Features > May 7, 2007
Making Trade Work for Everyone (cont’d)
Global currency exchange rates, especially the undervalued Chinese currency, also make a big difference, according to Baker and trade economist Robert Scott of the Economic Policy Institute (EPI). “We cut deals,” Scott says, “then countries devalue, and that wipes out everything.” For example, with the Chinese rembini undervalued, Chinese goods are artificially cheap, contributing to China’s huge trade surplus and the record $764 billion United States trade deficit last year.
At the same time, the overvalued dollar makes American products more expensive on the world market. If the dollar declines in value, U.S. exports should be more competitive. But because U.S. multinational corporations have moved so much of their production overseas, the United States has lost some of its ability to take advantage of a weaker dollar. Simply lowering the value of the dollar will not quickly restore America’s exports. Indeed, the dollar’s value has declined sharply for three years, but the trade deficit has continued to soar. The trade deficit could be reduced by greatly constricting the American economy, but the payback for years of trade deficits will pinch hard.
A new political direction on trade would likely lead to a “strategic pause” in pursuit of free trade agreements, which has been advocated by Jeff Faux, distinguished fellow at the EPI. During that pause, the country could evaluate the successes and failures of the past decades, then decide how to move forward, possibly renegotiating past trade agreements according to a different model for the global economy.
False advertising
The momentum for new agreements is fed by relentless projections of the financial gains from trade liberalization. But the economic gains are much smaller for the world economy than free trade apologists have argued. Moreover, the distribution of those gains is skewed. Free traders argue that the vast majority of Americans gain from free trade through lower prices, even if a few people are hit hard by job losses. But the losers from free trade are numerous, and little is done in the United States to compensate or to help any of them.
For example, rather than NAFTA being a win-win-win for Mexico, Canada and the United States, wages of workers in all three countries have stagnated since it was implemented. A study from the New School for Social Research, harshly critical of the models used to estimate trade gains, concluded that full liberalization of world trade would add so little that it “is equivalent to a rounding error in a $44 trillion world economy.” Faux argues that even these studies, by focusing on trade alone, fail to account for both the damage caused by U.S. investment and technology flowing overseas, and the erosion of workers’ bargaining power at home.

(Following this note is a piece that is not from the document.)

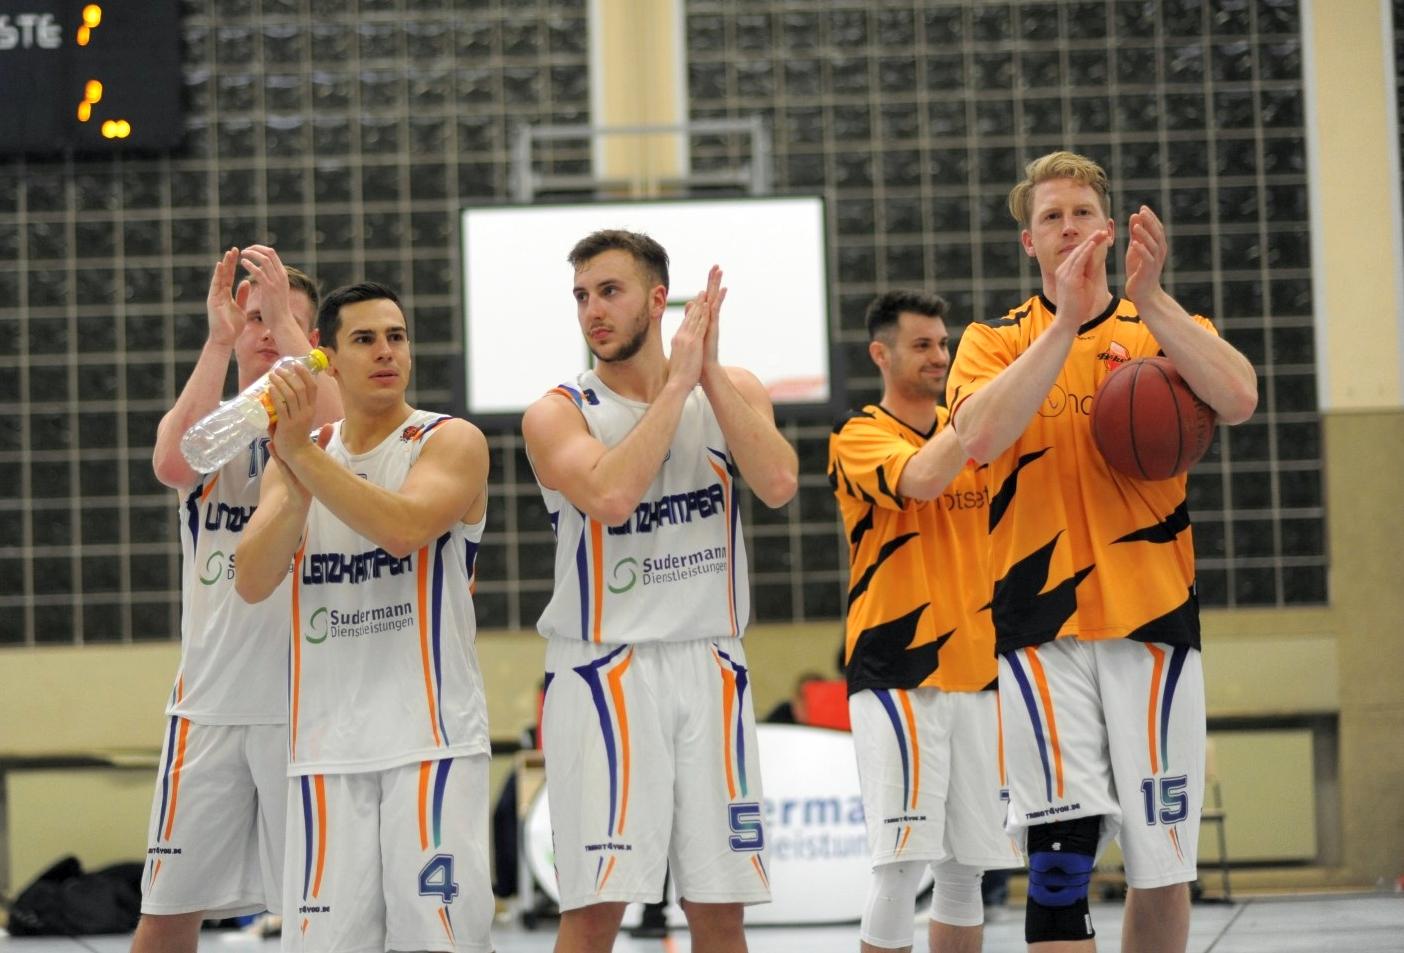 Herren-Oberliga: Starker Auftritt gegen den Tabellenzweiten

The rich, in any case, capture most of the gains from globalization. Academic studies typically conclude that trade accounts for 20 to 40 percent of the recent increase in inequality in the United States. Even the International Monetary Fund found that “labor globalization has negatively affected the share of income going to labor in the advanced economies.” EPI economist Josh Bivens calculates that the median household in the United States was $1,500 poorer in 2005 than it would have been if trade had remained at the 1979 level, even taking into account cheaper prices. Most people, not just the displaced textile or auto workers, are poorer as a result of globalization.
Broadly based and progressively financed policies like national health insurance and better public pensions would help all families hurt by globalization. But workers who lose their jobs permanently—whether from globalization or technology—deserve additional targeted help. Existing programs are narrowly conceived—excluding workers who produce services or most parts suppliers indirectly hit by plant closings. And they are even more narrowly administered: The Bush administration’s Labor Department denies trade adjustment aid to three-fourths of those workers lucky enough to be certified as eligible. What’s more, the programs are stingy and force people quickly into poorly paid jobs.

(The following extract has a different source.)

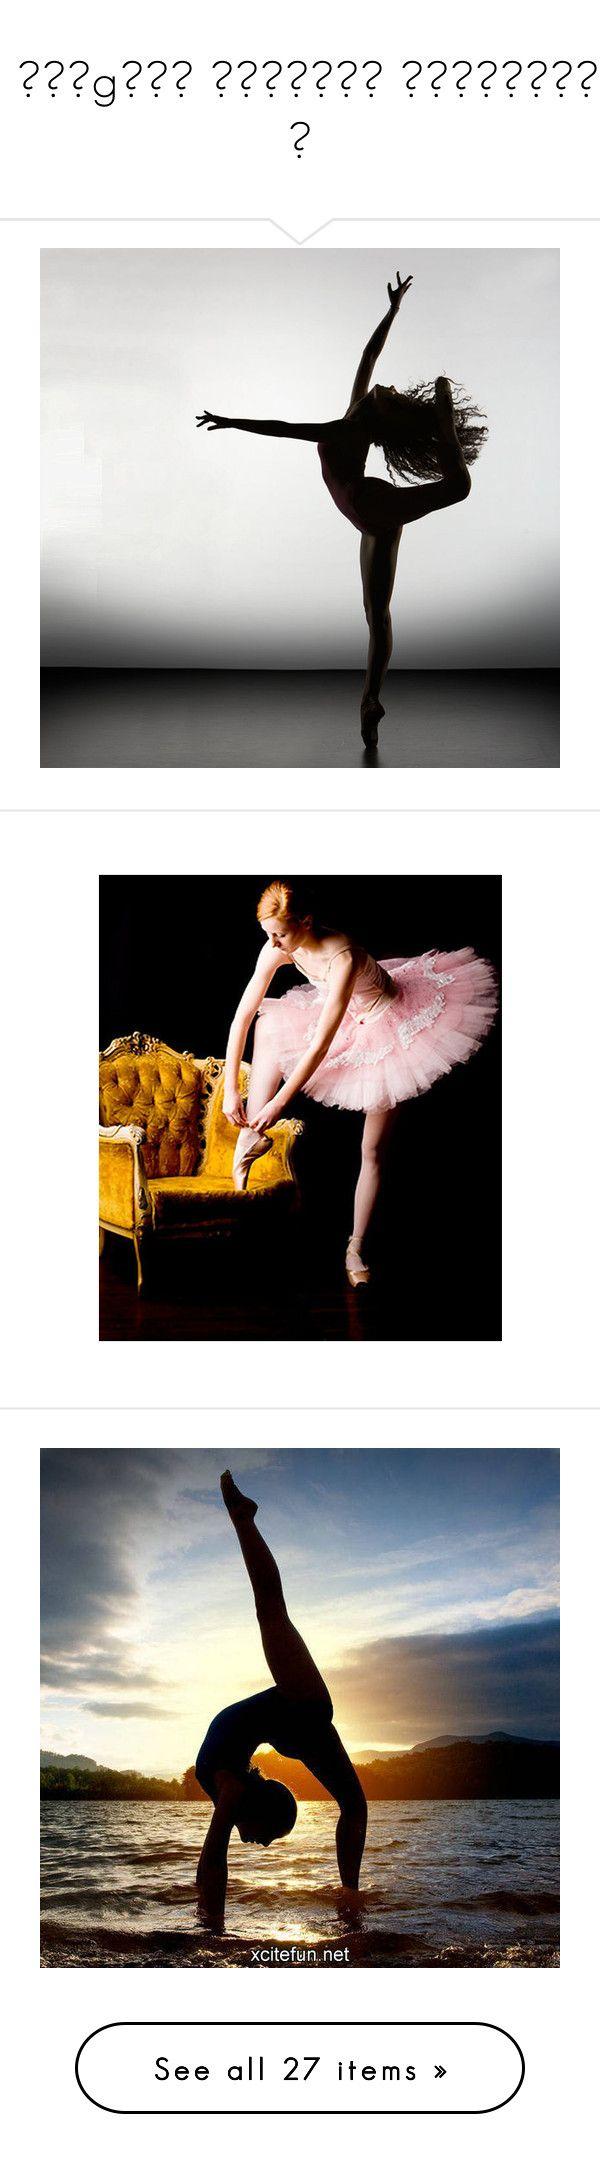 """""""♥ αвιgαιℓ мα∂ιѕσи вαвιиєαυχ ♥"""" by lolalisa ❤ liked on Polyvore featuring dance, backgrounds, ballet, pictures, people, models, splash, photos, alice greczyn and girls"""

The United States needs more generous income support and extended training programs, as well as strengthened unemployment insurance, which now covers less than 40 percent of the unemployed and offers pay replacement rates among the lowest in the industrial world.
But current proposals for wage insurance, which would typically pay half the difference between a displaced worker’s old and new jobs, would push workers quickly into inferior jobs with little prospect of creating new skills and better jobs that both workers and the national economy need.

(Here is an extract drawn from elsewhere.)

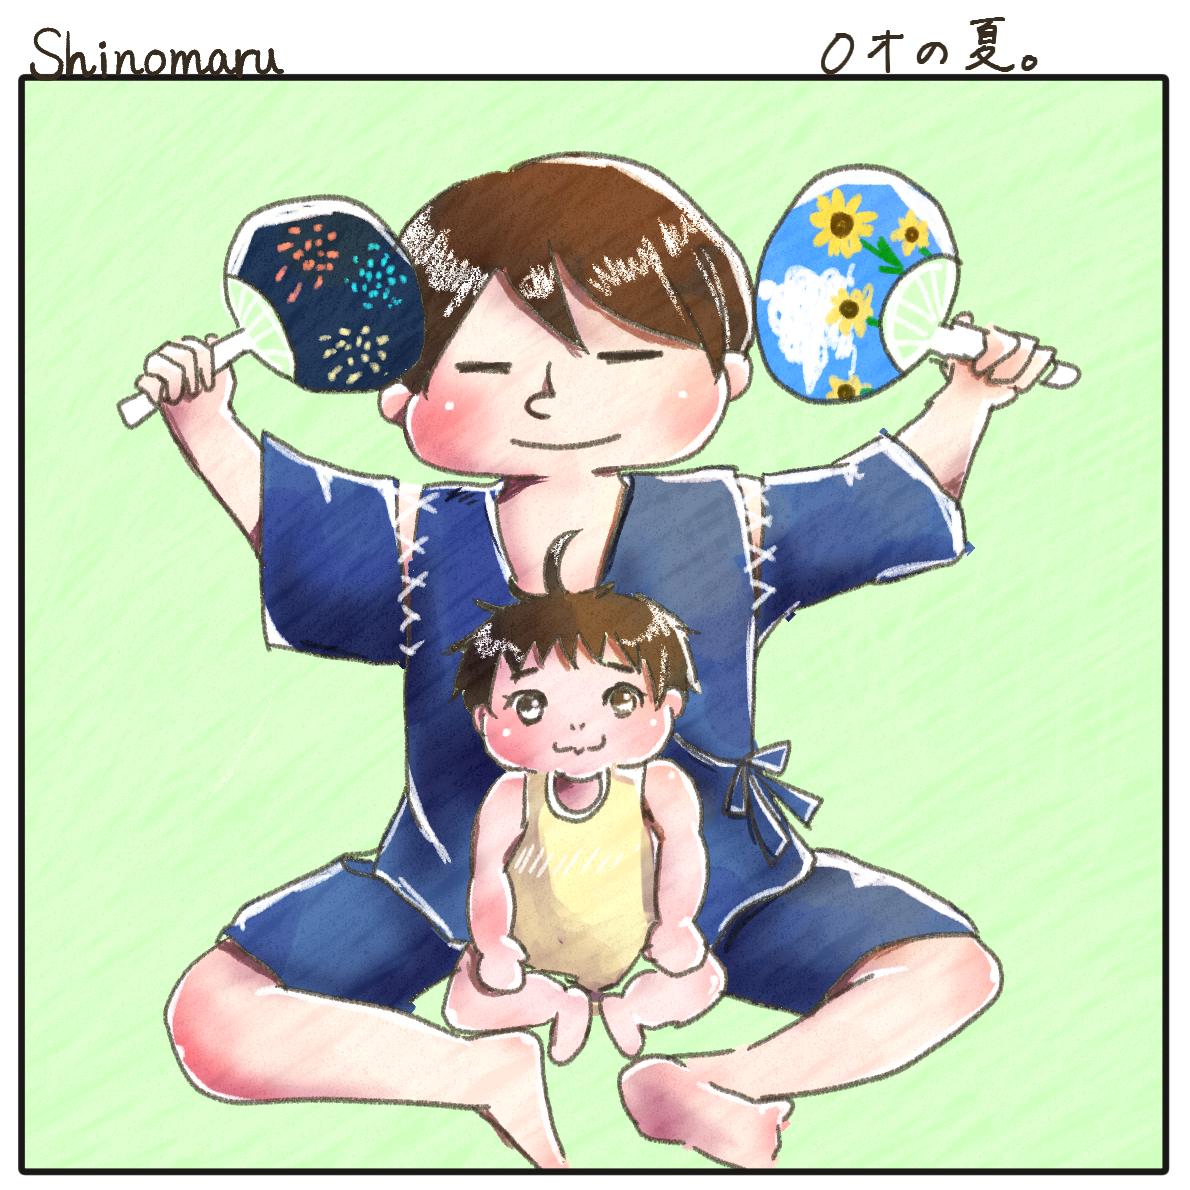 f:id:Shinomaru:20210618104737p:plain

In order to make globalization work for working Americans, Faux argues for policies that make the American economy more competitive (such as promoting manufacturing and investing in research and technology development), strengthen labor unions, expand social benefits, revise NAFTA and negotiate new rules for global trade. Harvard political economy professor Dani Rodrik argues that national governments need more power to craft their own responses to global markets, and that future WTO talks should focus not on further liberalization but on giving both rich and poor nations “policy space” to respond to their citizens’ needs.
It’s possible that the champions of globalization have no interest in serving the needs of citizens. “They never intended it to be good for American workers,” says the Steelworkers’ Gerard. “They intended it to be good for Wall Street and American financiers. The rich have gotten richer, and the rest of us have taken it on the chin.”